Abstract

Multipotent neural stem cells (NSCs) are operationally defined by their ability to self-renew, to differentiate into cells of all glial and neuronal lineages throughout the neuraxis, and to populate developing or degenerating CNS regions. Thus their use as a graft material can be considered analogous to hematopoietic stem cell-mediated reconstitution and gene transfer.
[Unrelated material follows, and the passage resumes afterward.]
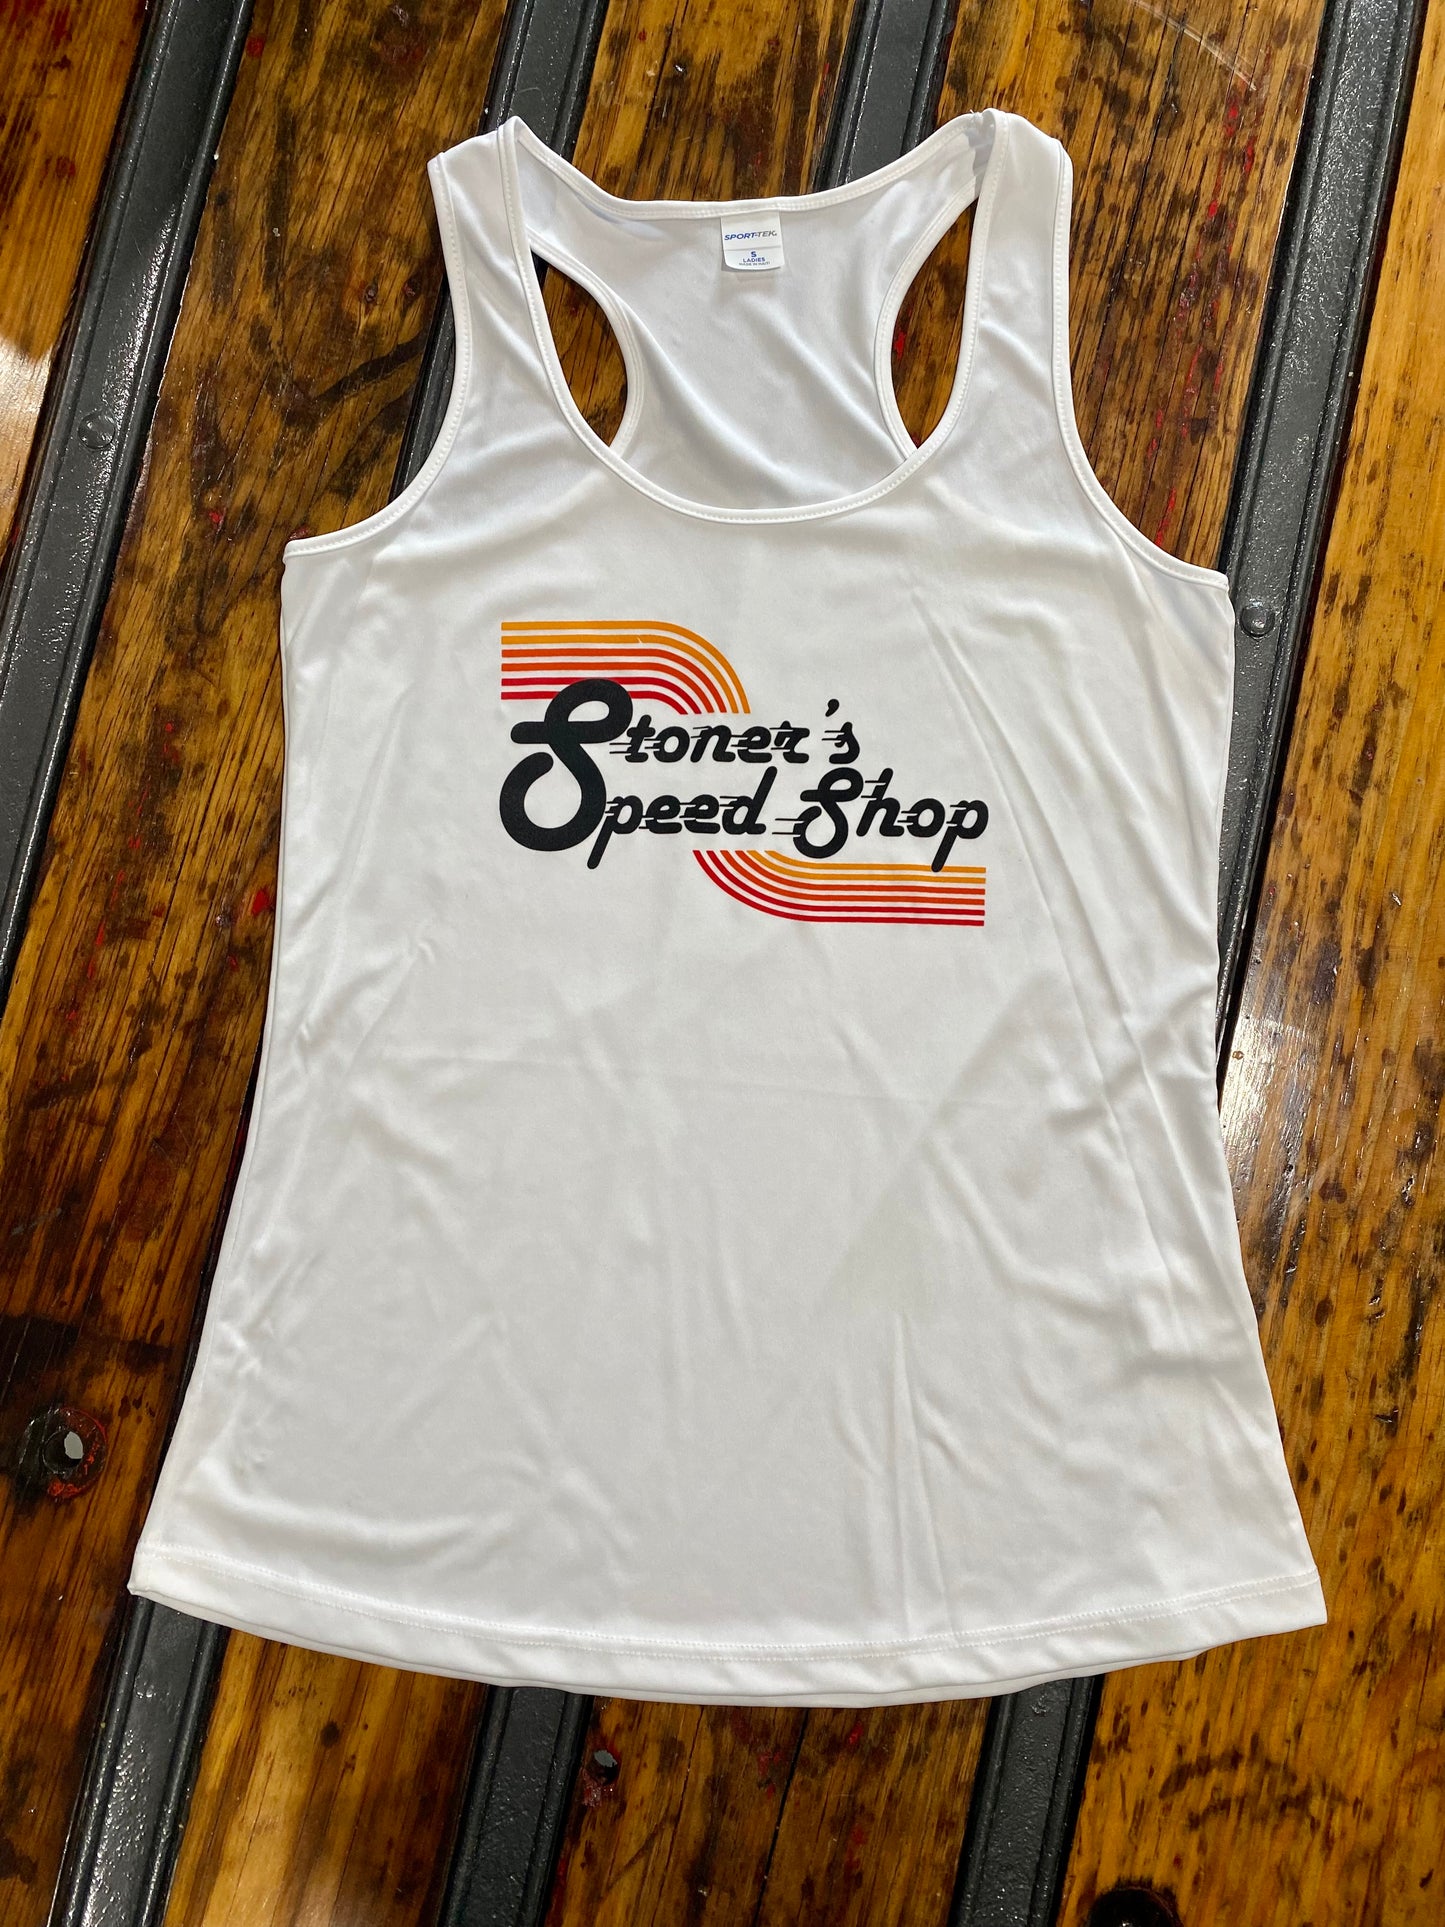 Stoner's Speed Shop White vintage logo tank top

The recognition that NSCs propagated in culture could be reimplanted into mammalian brain, where they might integrate appropriately throughout the mammalian CNS and stably express foreign genes, has unveiled a new role for neural transplantation and gene therapy and a possible strategy for addressing the CNS manifestations of diseases that heretofore has been refractory to intervention. We have tracked the response of host and transplanted NSCs to brain or spinal cord injury and explored the therapeutic potential of NSCs injected into the animal CNS subjected to focal hypoxic-ische-mic (HI) brain or spinal cord injury. Such cells integrated appropriately into the degenerating CNS, showed robust engraftment and foreign gene expression within the region of CNS injury, and appeared to have migrated preferentially to the site of injury, experienced limited proliferation, and differentiated into neural cells lost to injury, trying to repopulate the damaged CNS area. The transplantation of exogenous NSCs may, in fact, augment a natural self-repair process in which the damaged CNS "attempts" to mobilize its own pool of stem cells. Providing additional NSCs and trophic factors may optimize this response. Therefore, NSCs may provide a novel approach to reconstituting CNS damaged by HI brain or spinal cord injury. Preliminary data in animal models of hypoxic-ischemic brain injury or contusive spinal cord injury lend support to these hypotheses.